This code contains implementation of some basic components in neural network.
Based on examples from http://deeplearning.net/tutorial/
"""
import numpy as np
import theano
import timeit
import inspect
import theano.tensor as T
from theano.tensor.nnet import conv
from theano.tensor.nnet import conv2d
from theano.tensor.signal import pool
class LogisticRegression(object):
"""Multi-class Logistic Regression Class
The logistic regression is fully described by a weight matrix :math:`W`
and bias vector :math:`b`. Classification is done by projecting data
points onto a set of hyperplanes, the distance to which is used to
determine a class membership probability.
"""
def __init__(self, input, n_in, n_out):
""" Initialize the parameters of the logistic regression
:type input: theano.tensor.TensorType
:param input: symbolic variable that describes the input of the
architecture (one minibatch)
:type n_in: int
:param n_in: number of input units, the dimension of the space in
which the datapoints lie
:type n_out: int
:param n_out: number of output units, the dimension of the space in
which the labels lie
"""
# initialize with 0 the weights W as a matrix of shape (n_in, n_out)
self.W = theano.shared(
value=np.zeros(
(n_in, n_out),
dtype=theano.config.floatX
),
name='W',
borrow=True
)
# initialize the biases b as a vector of n_out 0s
self.b = theano.shared(
value=np.zeros(
(n_out,),
dtype=theano.config.floatX
),
name='b',
borrow=True
)
# symbolic expression for computing the matrix of class-membership
# probabilities
# Where:
# W is a matrix where column-k represent the separation hyperplane for
# class-k
# x is a matrix where row-j represents input training sample-j
# b is a vector where element-k represent the free parameter of
# hyperplane-k
self.p_y_given_x = T.nnet.softmax(T.dot(input, self.W) + self.b)

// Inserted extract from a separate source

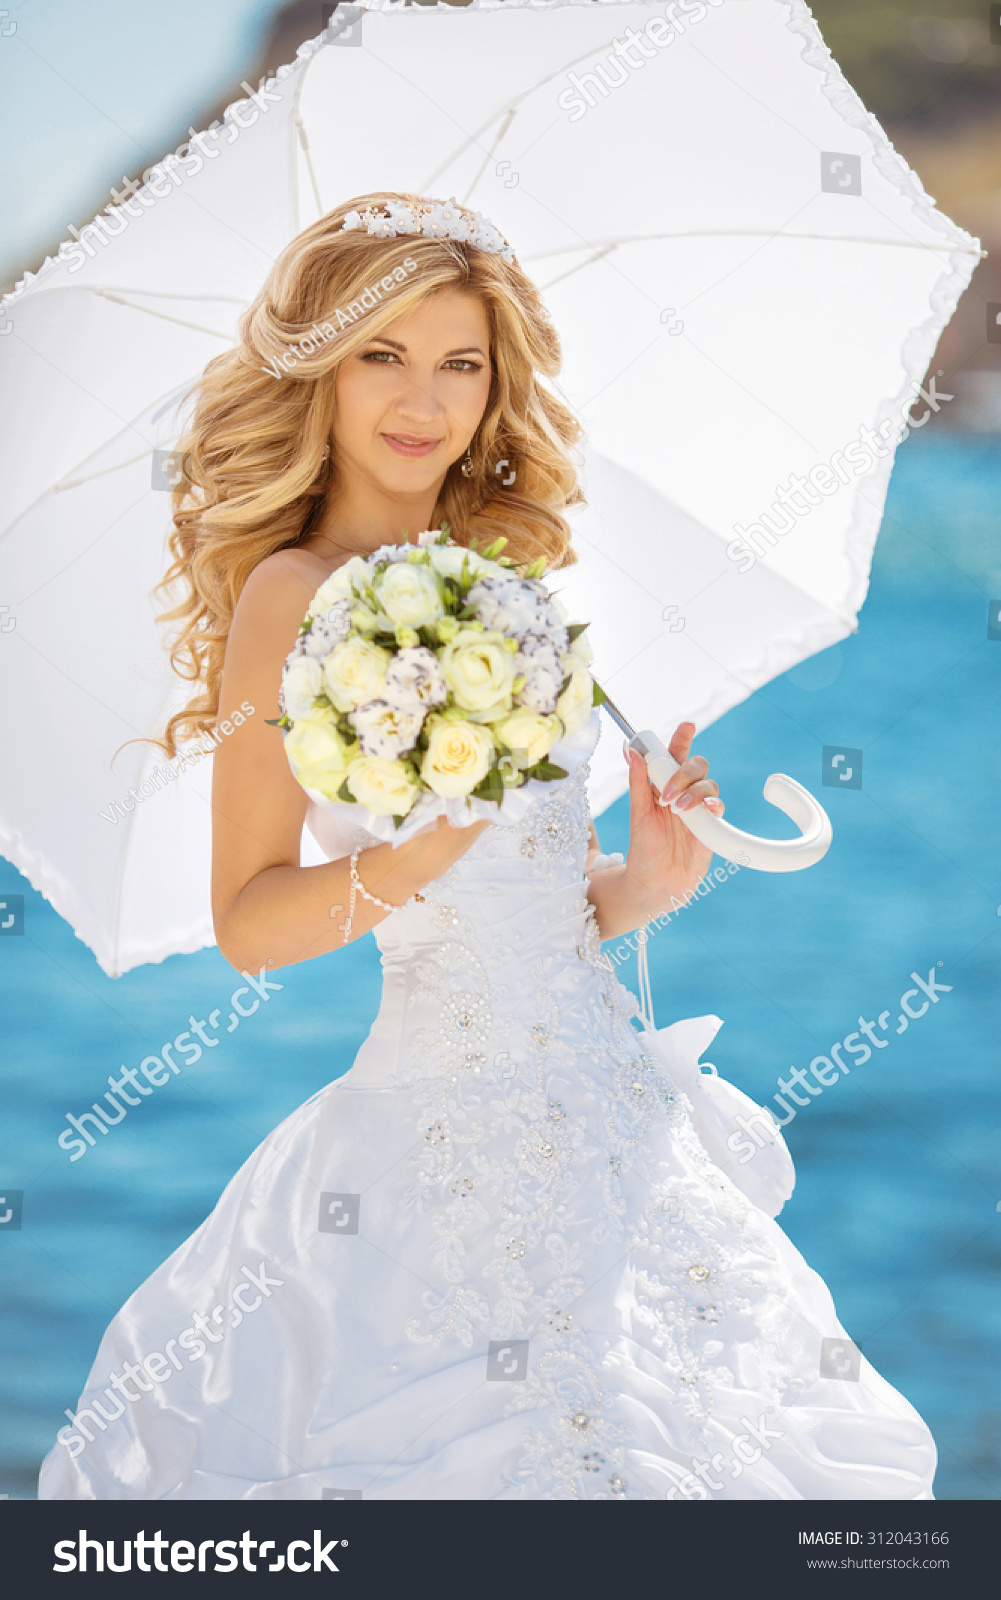 Beautiful Bride Girl Wedding Dress White Stock Photo (Edit Now ...

# symbolic description of how to compute prediction as class whose
# probability is maximal
self.y_pred = T.argmax(self.p_y_given_x, axis=1)
# parameters of the model
self.params = [self.W, self.b]
# keep track of model input
self.input = input
def negative_log_likelihood(self, y):
"""Return the mean of the negative log-likelihood of the prediction
of this model under a given target distribution.
.. math::
\frac{1}{|\mathcal{D}|} \mathcal{L} (\theta=\{W,b\}, \mathcal{D}) =
\frac{1}{|\mathcal{D}|} \sum_{i=0}^{|\mathcal{D}|}
\log(P(Y=y^{(i)}|x^{(i)}, W,b)) \\
\ell (\theta=\{W,b\}, \mathcal{D})
:type y: theano.tensor.TensorType
:param y: corresponds to a vector that gives for each example the
correct label
Note: we use the mean instead of the sum so that
the learning rate is less dependent on the batch size
"""
# y.shape[0] is (symbolically) the number of rows in y, i.e.,
# number of examples (call it n) in the minibatch
# T.arange(y.shape[0]) is a symbolic vector which will contain
# [0,1,2,... n-1] T.log(self.p_y_given_x) is a matrix of
# Log-Probabilities (call it LP) with one row per example and
# one column per class LP[T.arange(y.shape[0]),y] is a vector
# v containing [LP[0,y[0]], LP[1,y[1]], LP[2,y[2]], ...,
# LP[n-1,y[n-1]]] and T.mean(LP[T.arange(y.shape[0]),y]) is
# the mean (across minibatch examples) of the elements in v,
# i.e., the mean log-likelihood across the minibatch.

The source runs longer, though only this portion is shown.